For comments and error message, I think we should avoid using the exact constant
name, and instead call them "removed SPTE", similar to MMIO SPTE.  That will
help reduce thrash and/or stale comments if the name changes.

> +		 * it is unexpected. Log the change, though it should not
> +		 * impact the guest since both the former and current SPTEs
> +		 * are nonpresent.
>  		 */
> -		if (WARN_ON(!is_mmio_spte(old_spte) && !is_mmio_spte(new_spte)))
> +		if (WARN_ON(!is_mmio_spte(old_spte) &&
> +			    !is_mmio_spte(new_spte) &&
> +			    new_spte != FROZEN_SPTE))
>  			pr_err("Unexpected SPTE change! Nonpresent SPTEs\n"
>  			       "should not be replaced with another,\n"

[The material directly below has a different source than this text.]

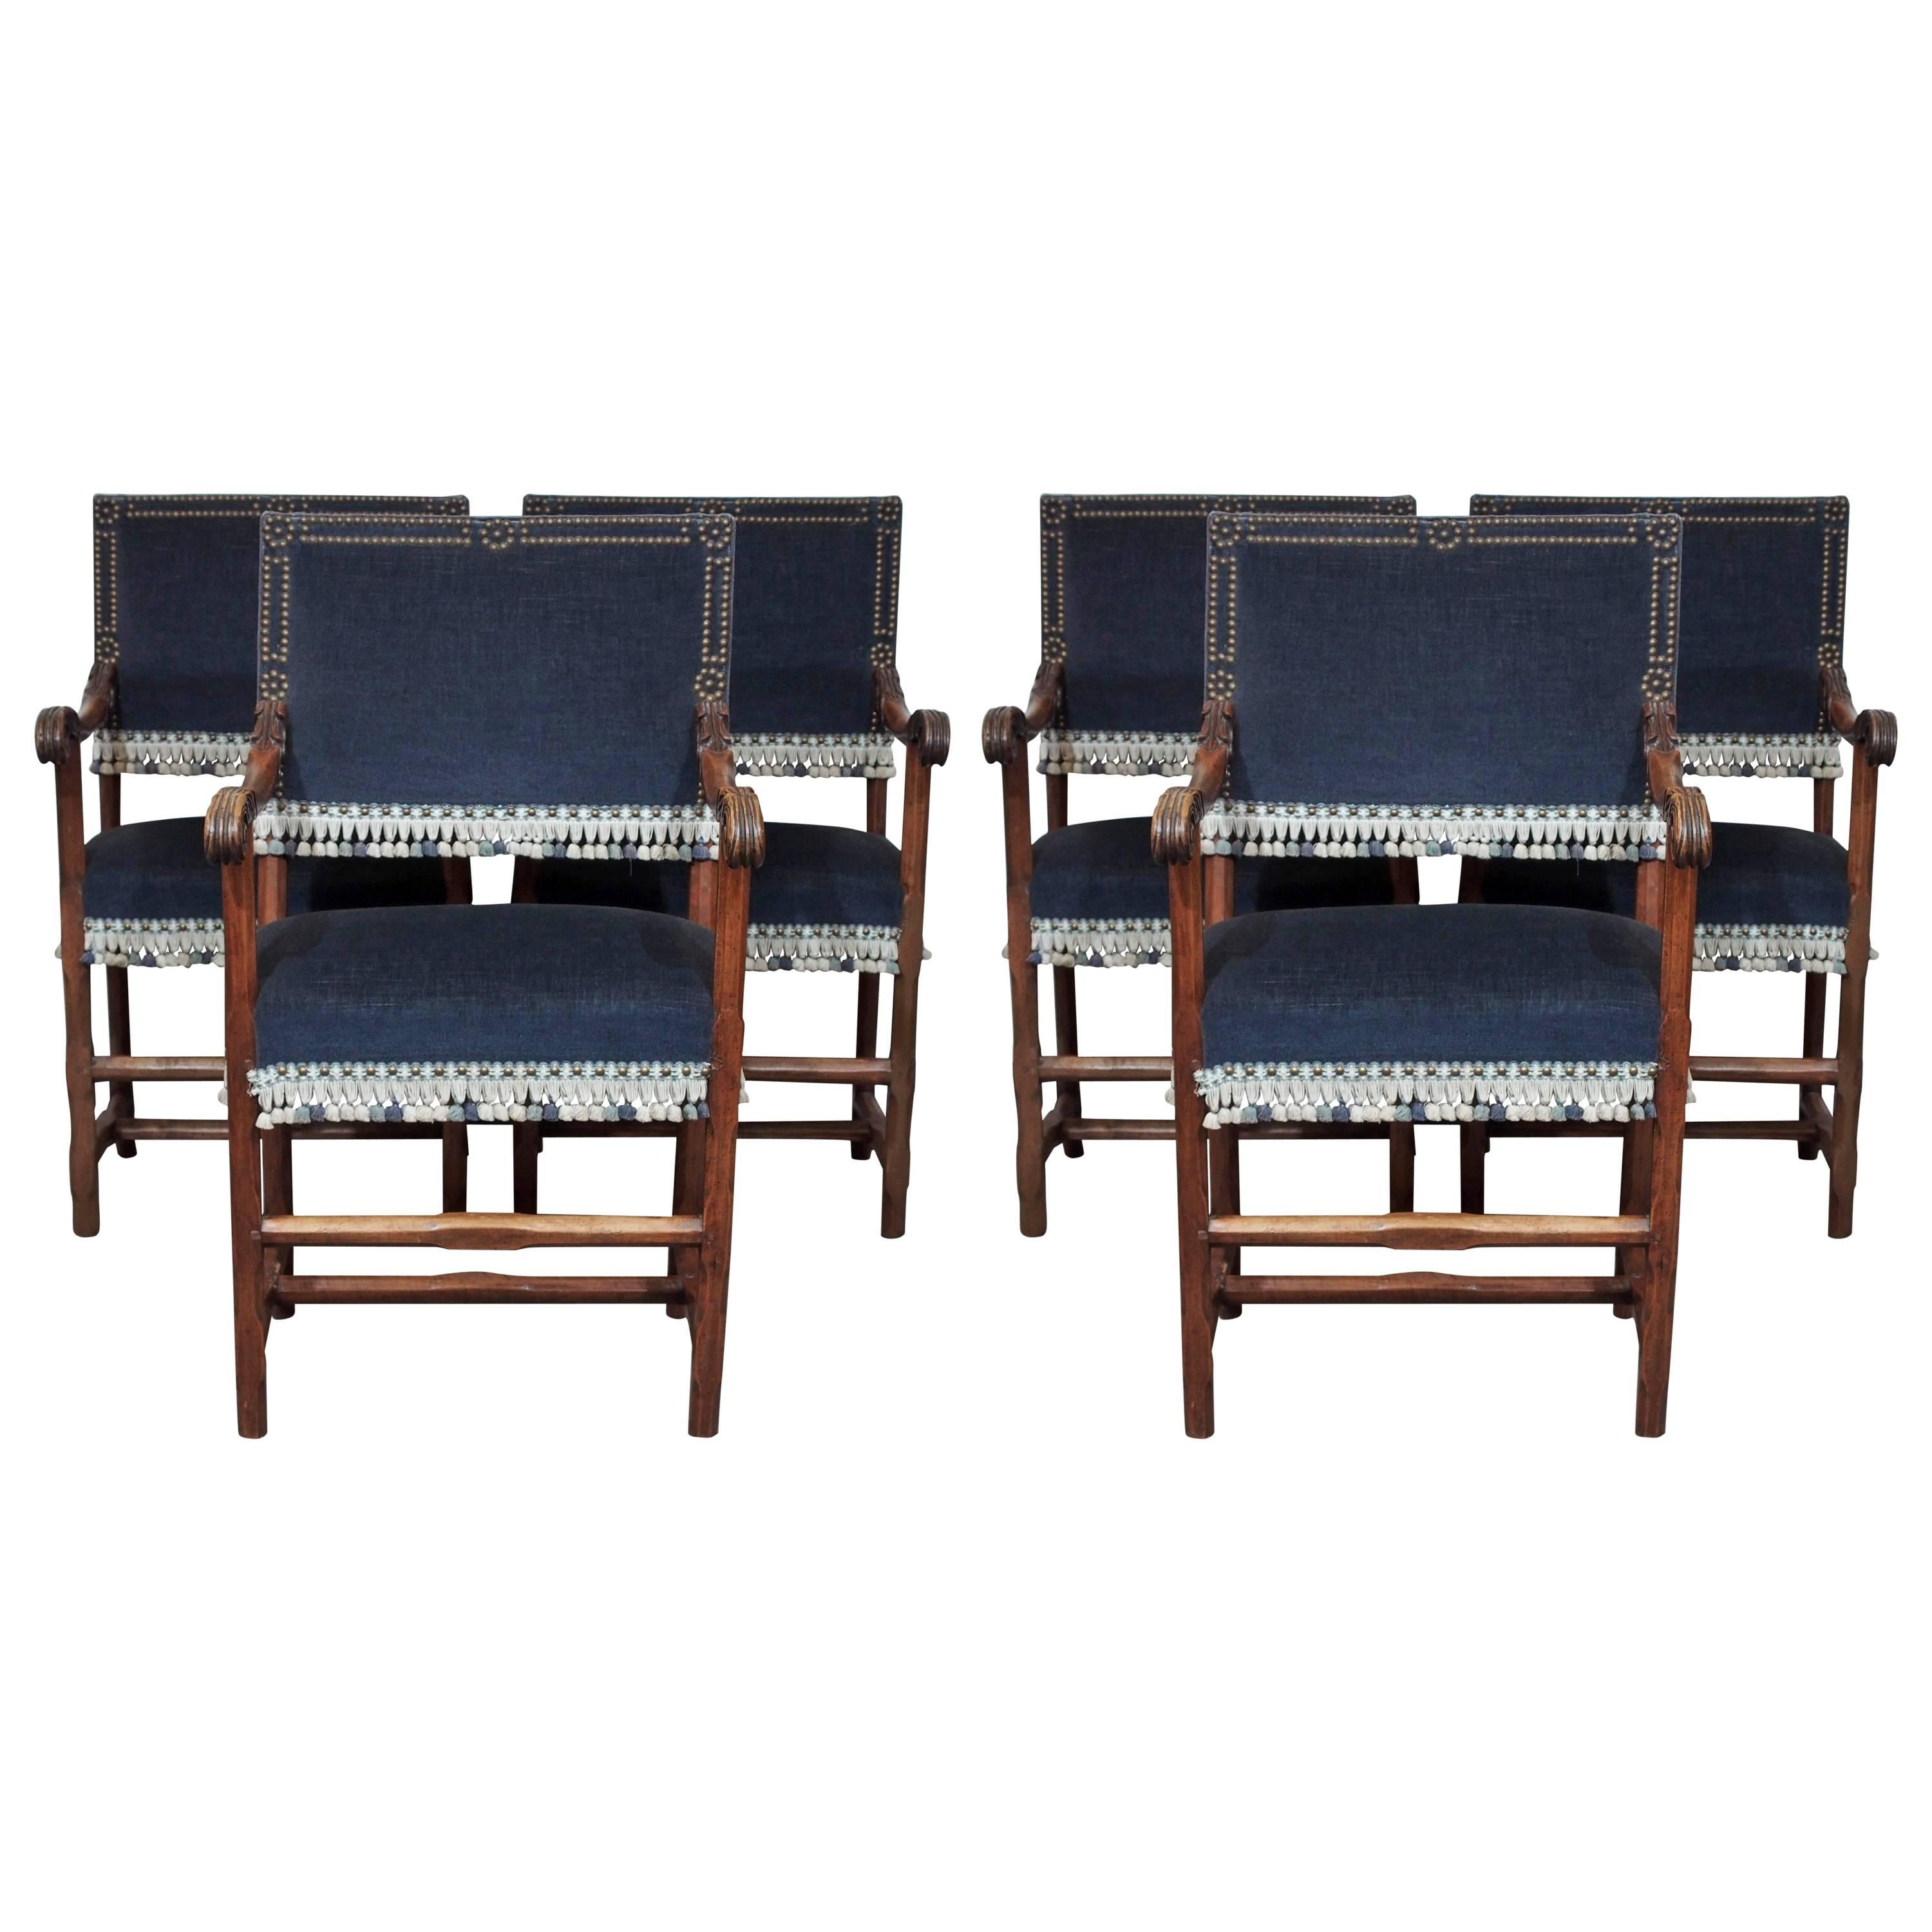 Set of 6 18th century Italian walnut upholstered hall/dining chairs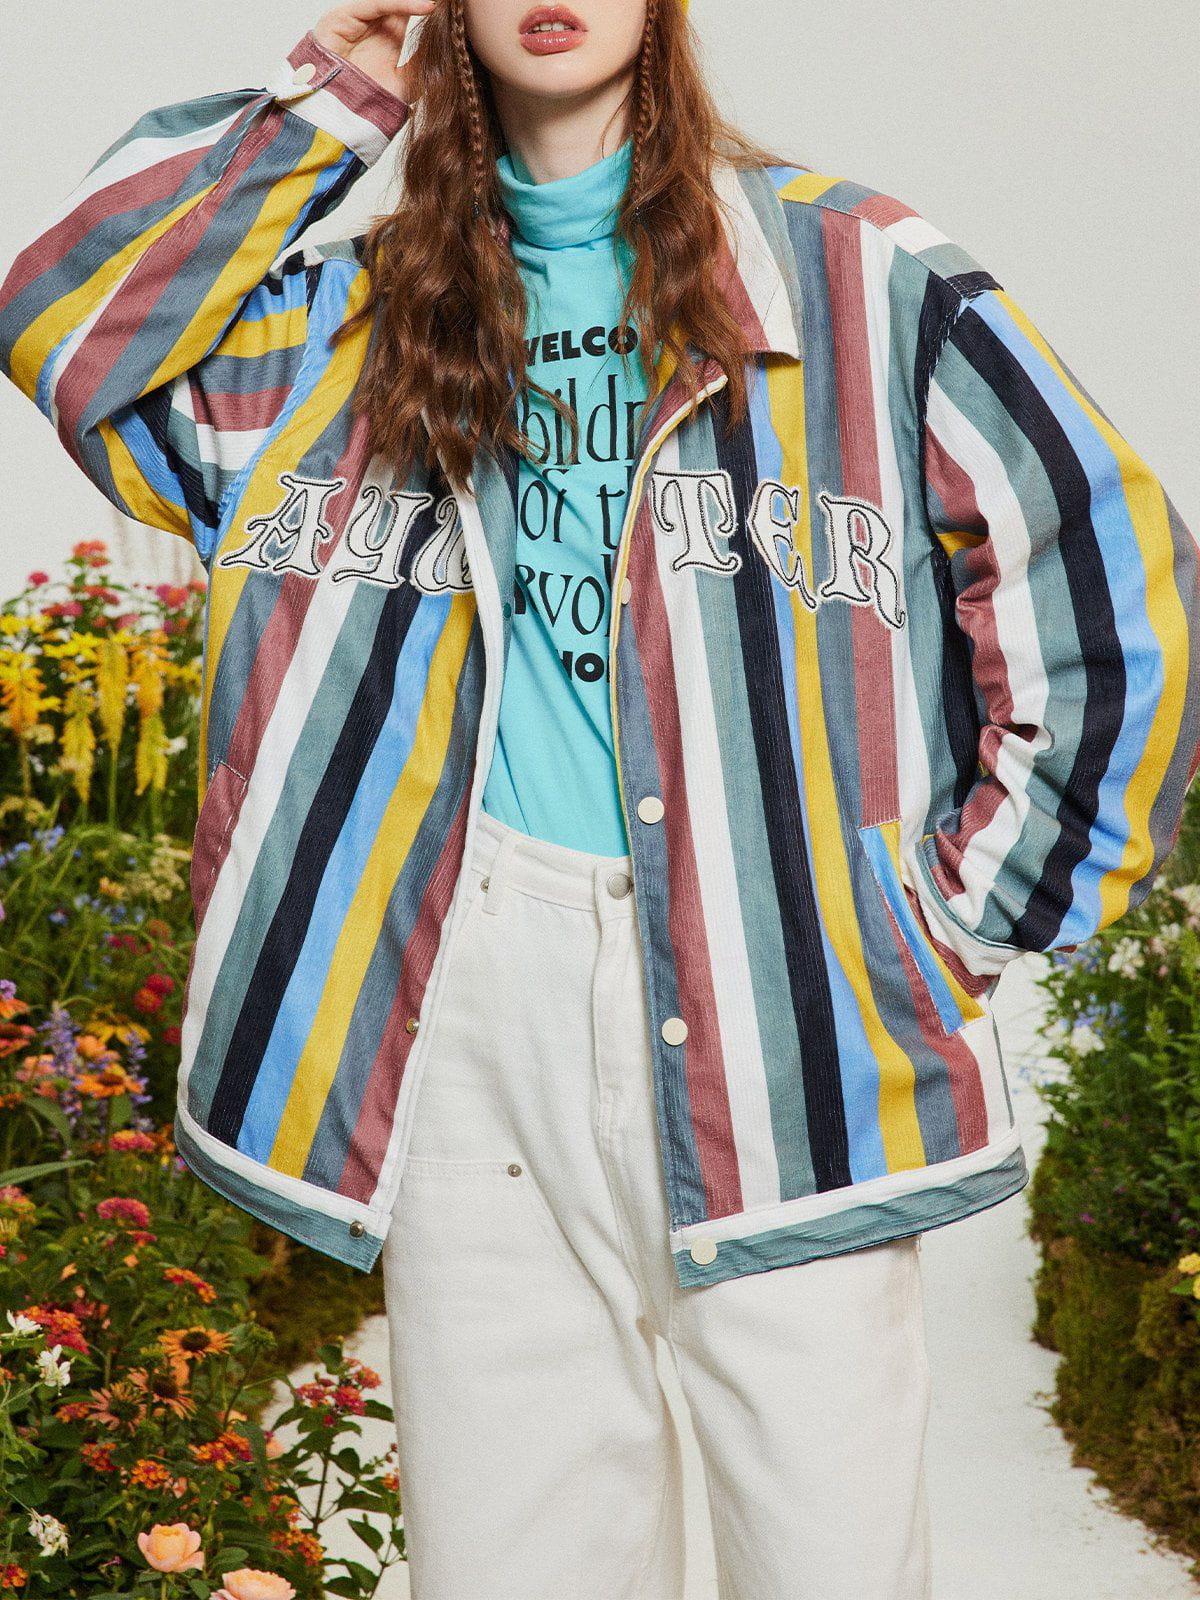 Majesda® - Colorful Vertical Stripes Corduroy Jacket outfit ideas, streetwear fashion - majesda.com

>  			       "different nonpresent SPTE, unless one or both\n"
> -			       "are MMIO SPTEs.\n"
> +			       "are MMIO SPTEs, or the new SPTE is\n"
> +			       "FROZEN_SPTE.\n"
>  			       "as_id: %d gfn: %llx old_spte: %llx new_spte: %llx level: %d",
>  			       as_id, gfn, old_spte, new_spte, level);
>  		return;